I recently went through this when I found the loft that last made the sails for my boat. I actually spoke to the man who made them and complimented him on his fine work asking if he could make me another identical set and the answer was no. They had been bought out by a national concern who has all their sails made offshore and the new stuff comes no where close to the level of workmanship when they made them on-site. They could have them made and they would fit my boat but would not be as expertly made as the ones that had been made previously by their loft for the prior owner of my boat. He found this difficult because so many of their long time customers would call with the same request as mine wanting another set just as nice as the previous one. Even though he still had the equipment which he personally owned the main office would not let him do any special orders on-site and he had to sign a non-compete so he could not make them on his own.

You can only expect so much from a off-shore sweat shop where they are timed to the second for every task.


----------



## Jeff_H (Feb 26, 2000)

Minnewaska said:


> I'll have to ask where Quantum sails are made. That's my go-to for replacement this year. Not the cheapest, but I've never heard a single complaint about them.


As far as I know, by and large all of Quantum's sails are made in Asia. I am not sure that this is still the same at North, but that was true when I was still buying sails from North. To a great extent, like most big global companies, cost of the manufacturing facilities and the efficiencies of scale has led to these larger companies having a single plant somewhere in the world which produces all or most of their products.

(The rest of this is not aimed at Minne's quote)

But reading this thread there is a difference between companies like Quantum and North versus the so-called offshore brands, and there is a big difference between people who understand sailmaking and who simply sell sails. In term of the bigger companies, these companies have proprietary access to far more sophisticated testing and computer simulation data than brands who are not doing leading edge designs.

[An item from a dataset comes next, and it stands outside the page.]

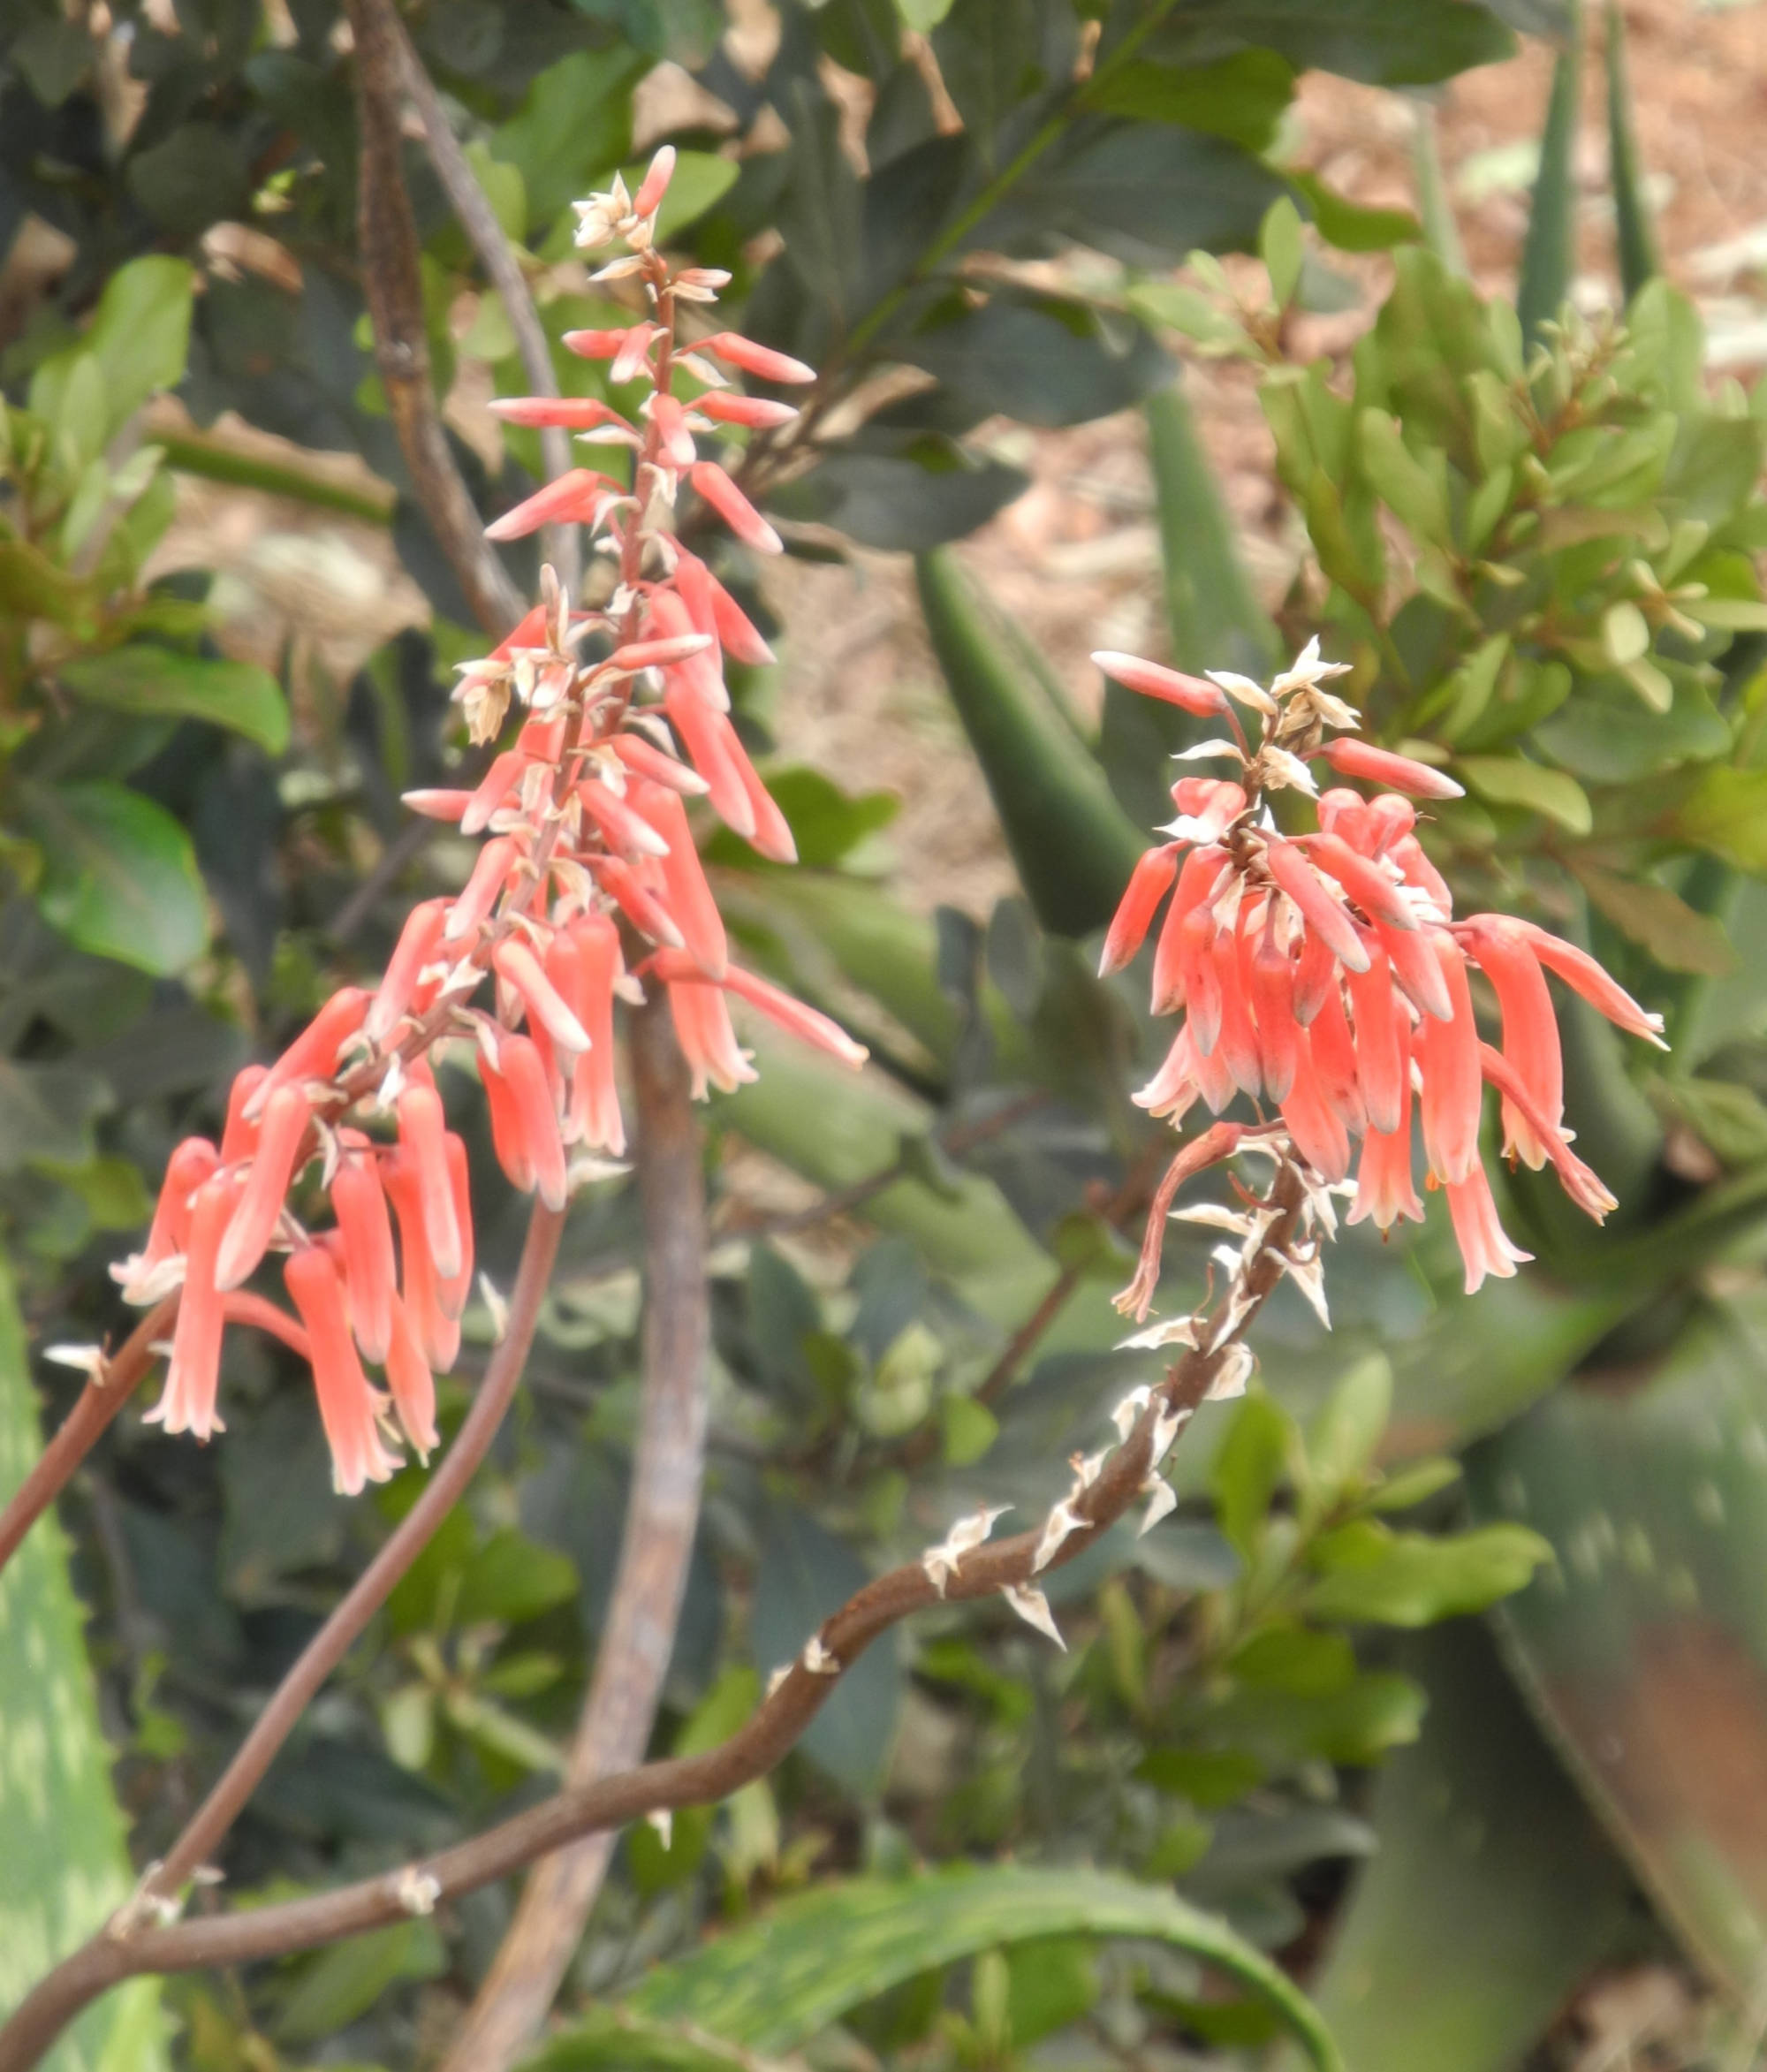 Flowers of Aloe deserti

While cruisers think that they don't need this level of technology, they are in part mistaken. The filter down from the bleeding edge research is much better stress mapping and flying shape projections. This allows the fiber orientation to be more precisely set so that stretch is minimized and the life of the sail is extended. A cruiser might not care all that much about any performance increase that may result from a better flying shape, but they still benefit from having a smaller heel angle and less leeway.

But it goes beyond design. The more sophisticated companies have custom specified fabrics and also run every piece of fabric through an optical scanner which can detect and reject individual pieces of fabric with defects that would not be visible to the human eye. Those rejected panels go back to the manufacturer and are resold to the less expensive lofts.

In reality I have not seen an improvement or a decrease in the workmanship on sails over my 50 plus years of sailing. There have always been some pretty junky sailmakers making pretty junky sails and there have always been lofts producing higher quality products. Its true that sails used to have some very labor intensive hand-sewn details, and way more hand stitching than today. To me that is is not a sign of workmanship, just a matter of different means and methods of accomplishing the same goal.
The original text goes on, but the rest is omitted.